世界が認める「ipad」は中国内で未登録商標なので、先に登録した中国企業がipadの販売権を有することになったようだ。これによってアップル社は中国での販売ができなくなる。法ではない人治国家らしい出来事だ。白昼堂々の居直り強盗がまかり通る世界だ。

アップル社は数年前から工場を中国に建設し、そこで製造されたものを中国および世界中に販売してきた。労働条件の劣悪さが指摘されることはあったが、共産党政府はそうした「人権」問題は放置している。それとは性質の異なる「商標権」は多額のお金と米国世論が動くので、そちらを選んだ。

では、なぜ今頃になってこうした騒動になったか?
こういう時は中南海をみてみよう。今年は共産党の指導者が交代することになっている。上海派の江沢民グループの支持を受けている太子党の習近平が次期主席に最有力である。胡錦濤退任後にも自分たちを守るためには党内に影響力を残しておかなければいけない団派たち。共産党内はこの二極の熾烈な闘争の真っ最中だ。
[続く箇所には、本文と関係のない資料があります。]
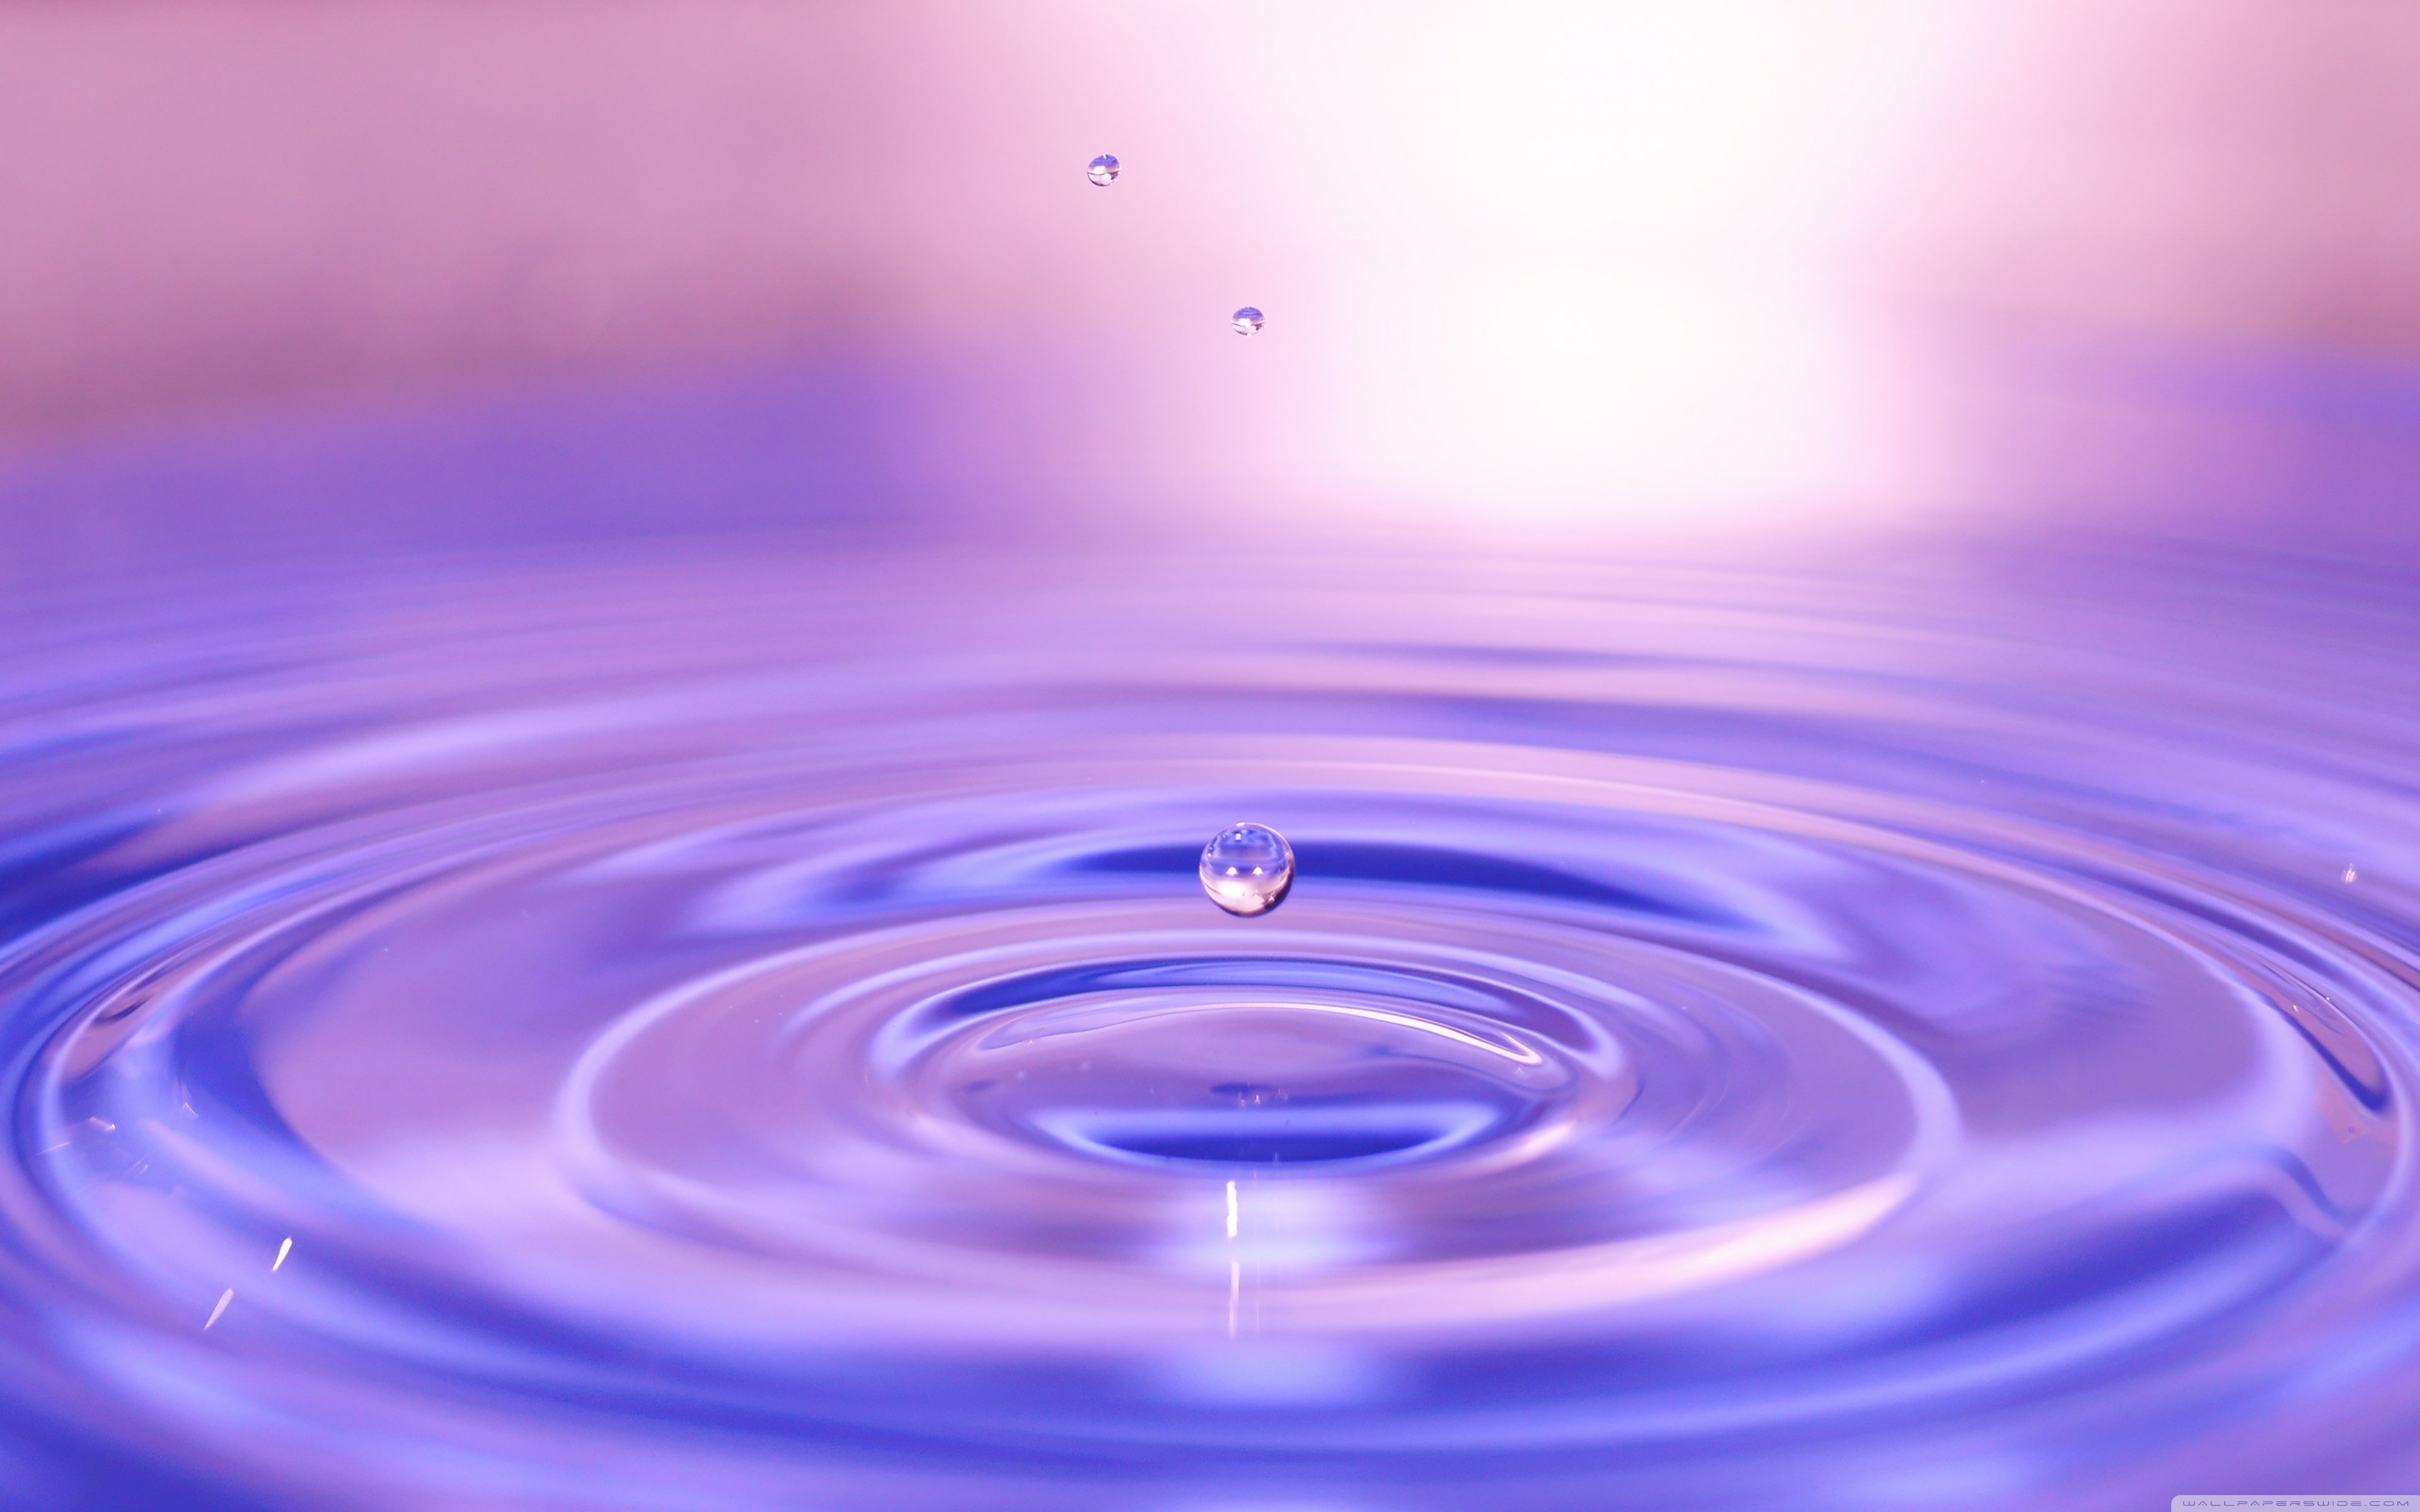 Фиолетовая вода почему. Фиолетовая вода. Фиолетовая жидкость. Круги на воде сиреневый. Всплеск фиолетовой воды.

習近平と同じ太子党に属する重慶市長・薄熙来(はく きらい)は、腹心である王立軍副市長が四川省成都にある米国大使館に飛び込んだのを機に数十台の装甲車を向かわせて米国大使館を包囲する。それも共産党中央の静止を振り切ってのことだ。地元四川省当局はそれをさらに包囲して、戦闘寸前になった。米国大使館から出てきた王立軍の身柄は四川省側(胡錦涛一派)が引き取り、重慶からきた一軍は引き上げた。共産党始まって以来の大事件といわれたこの一件によって薄熙来は再起不能とまで言われている。一説には太子党の内ゲバともいわれるが、結果として団派が大きな獲物をつかんだ。

この時米国はなぜ王立軍の亡命を断ったのかということについて、ある中国研究者は、米国は次期主席候補の中では反米意識の薄い習近平が就任したほうが外交がしやすいと読んでいる。だから訪米を控えた習近平に恩を売る目的だろうという。そもそも共産党はギャング組織だから、その中の権力闘争に負けたものを米国が助ける必要もない。

習近平は米国訪問中、行く先々で人権問題だの経済摩擦だのといろいろ注文を付けられたというが、これには前記の王立軍の件が影響していると考えれば、自然な成り行きだろう。多少辛くとも耐えねばならない立場だった。だが、米国も迎えた以上は手ぶらでは返せないから、何らかの手土産をもたせただろう。

そして起きた「アップル商標騒動」
米国系企業の中でも知名度の高いアップルを標的にした商標権騒動は、民間レベルを超えて米中関係に発展するのは明らかだ。中国の理不尽さに米国民は怒りをあらわすだろう。習近平の米国外交に水を差した事件となった。

これら一連の出来事は、権力闘争の中で団派が糸を引く事件と考えれば理解しやすい。初めからアップルに罪はなく、共産党の権力闘争に利用されただけなのだ。今後もこうした不可解な事件が続くと思われるが、場合によっては内戦、そして共産党崩壊となる可能性がある。隣国に住む私たちは常にそれを想定しておかなければならない。